A few minutes later the door opened and Ellen came in again, frowning, and still carrying the lion. She set him down in the big chair.

“I'm sorry you can't be in the play,” she said.

“That's all right,” said the lion. “Besides, there was one argument your mother didn't think of.”

“What was that?” said Ellen.

“If you held me in one of your arms you'd only have four points.”

“That's right,” Ellen said, after thinking about it. “Nobody would know I was a star.”

“Nobody would know,” the lion said. “And everybody would miss the point of the play.”

“It starts at three o'clock,” said Ellen. “I have to go now.”

“Good-bye,” said the lion.

“I'll tell you all about it when I get back,” Ellen said from the doorway.

“I'll be waiting to hear about it,” said the lion.

“Good luck.”

Ellen left, walking with her arms stretched out and with her feet spread, like a star.

THE TWO STATUES

“W
hat are you making, Ellen?” asked the lion, suppressing a yawn.

“Statues,” Ellen told him, without looking up from the modeling clay.

“Statues of whom?”

“Just statues.” Ellen pointed at two figures, one tall and thin and the other short and fat, and set them facing the lion. “Don't they look like statues?”

“No,” said the lion. “Crude figurines perhaps, not statues.”

The tall figure let his head fall slightly to one side. He looked at the lion as he spoke.

“Nevertheless, I am a statue.”

“See?” said Ellen, making a face at the lion. “He said so himself. He is a statue.”

“A statue of whom?” the lion said. “A statue has to be a statue of somebody.”

“That's right,” said the statue, tossing his head farther to the side. “I am a statue of General Jones.”

The head of the other statue dropped forward on his fat chest in a nod.

“And I am a statue of Admiral Smith.”

Ellen straightened up their heads with her thumbs.

“The tall one is a statue of General Jones,” she said. “And the short one is a statue of Admiral Smith.”

“A statue has to be a statue of somebody,” the lion repeated. “Who in the world are General Jones and Admiral Smith?”

The statue of Admiral Smith bowed from his fat waist.

“I am General Jones,” he said.

The tall statue of General Jones bowed lower.

“I am Admiral Smith.”

“They are statues of each other,” Ellen explained to the lion. “Admiral Smith is a statue of General Jones and General Jones is a statue of Admiral Smith.”

At the mention of their names both statues bowed again, so low that Ellen had to grab them to stop them from falling forward.
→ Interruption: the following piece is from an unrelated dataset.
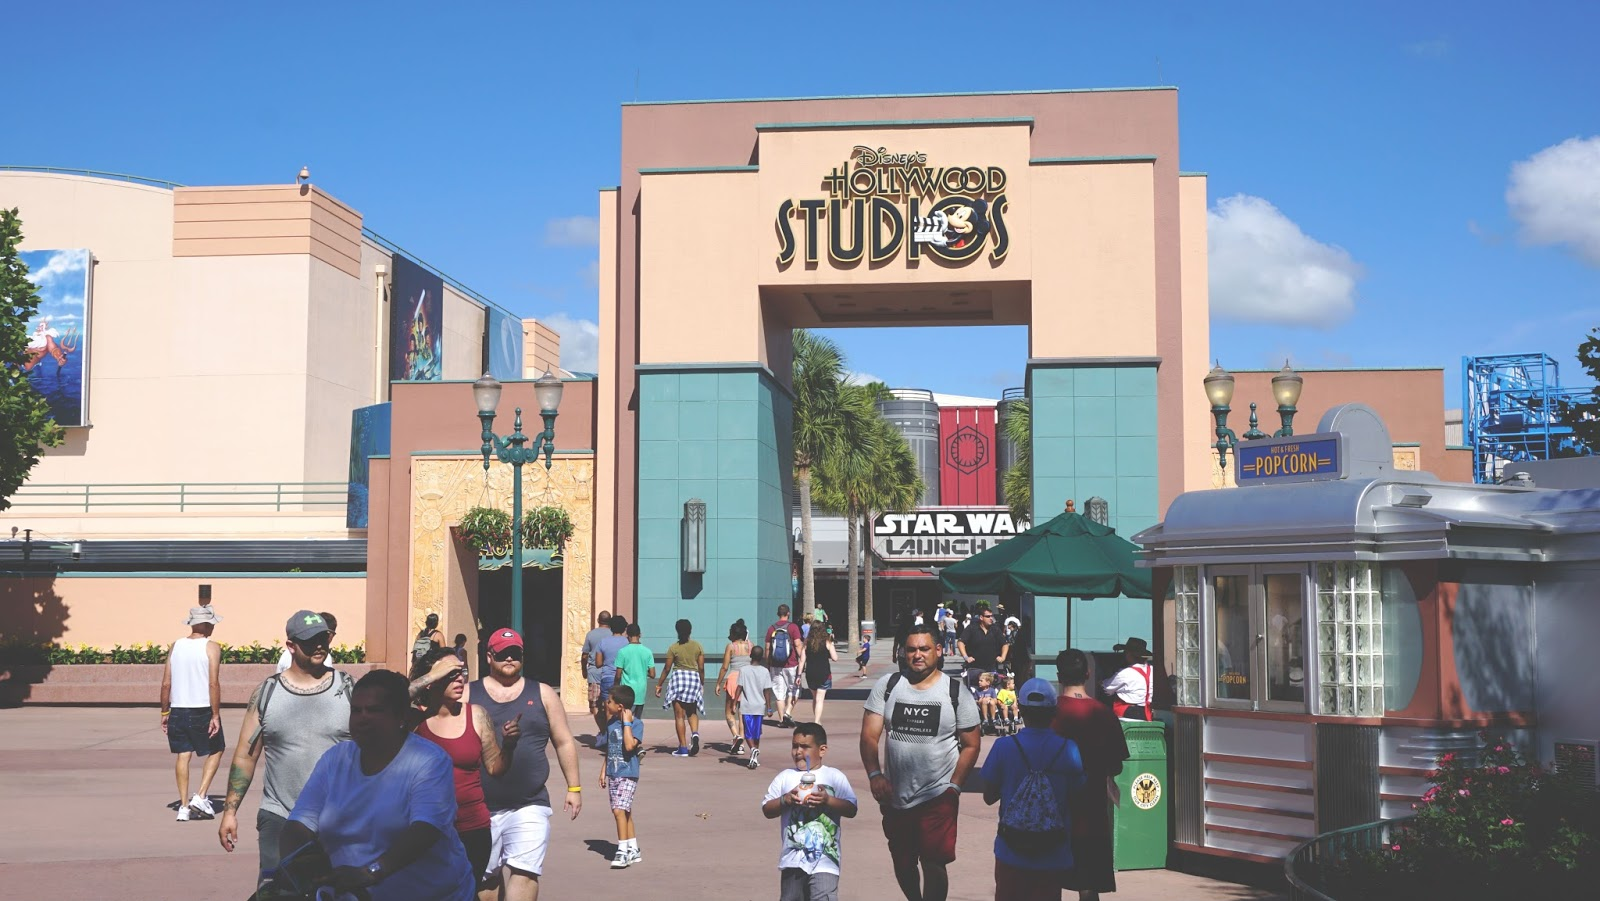 Hollywood Studios in Disney World, Florida

As she straightened them up their legs bent and they broke into a slithering sort of jig. Despite Ellen's grasp on each of them they continued to dance. They hopped and leapt and bounced all over the place.

“That's enough,” said Ellen, whose arms were getting a bit tired trying to hold them. “Statues are not supposed to dance.”

Both statues kept on dancing and the Admiral began to sing.

“Oh, I am a statue of General Jones,” he sang, in time to the dancing.

“Oh, I am a statue of Admiral Smith,” sang the General.

“And he is a statue of me!” they sang, pointing at each other.

“Statues are not supposed to sing, either,” said Ellen, turning to the lion. “Are they?”

“I would prefer it if they didn't,” said the lion. “I'm thinking.”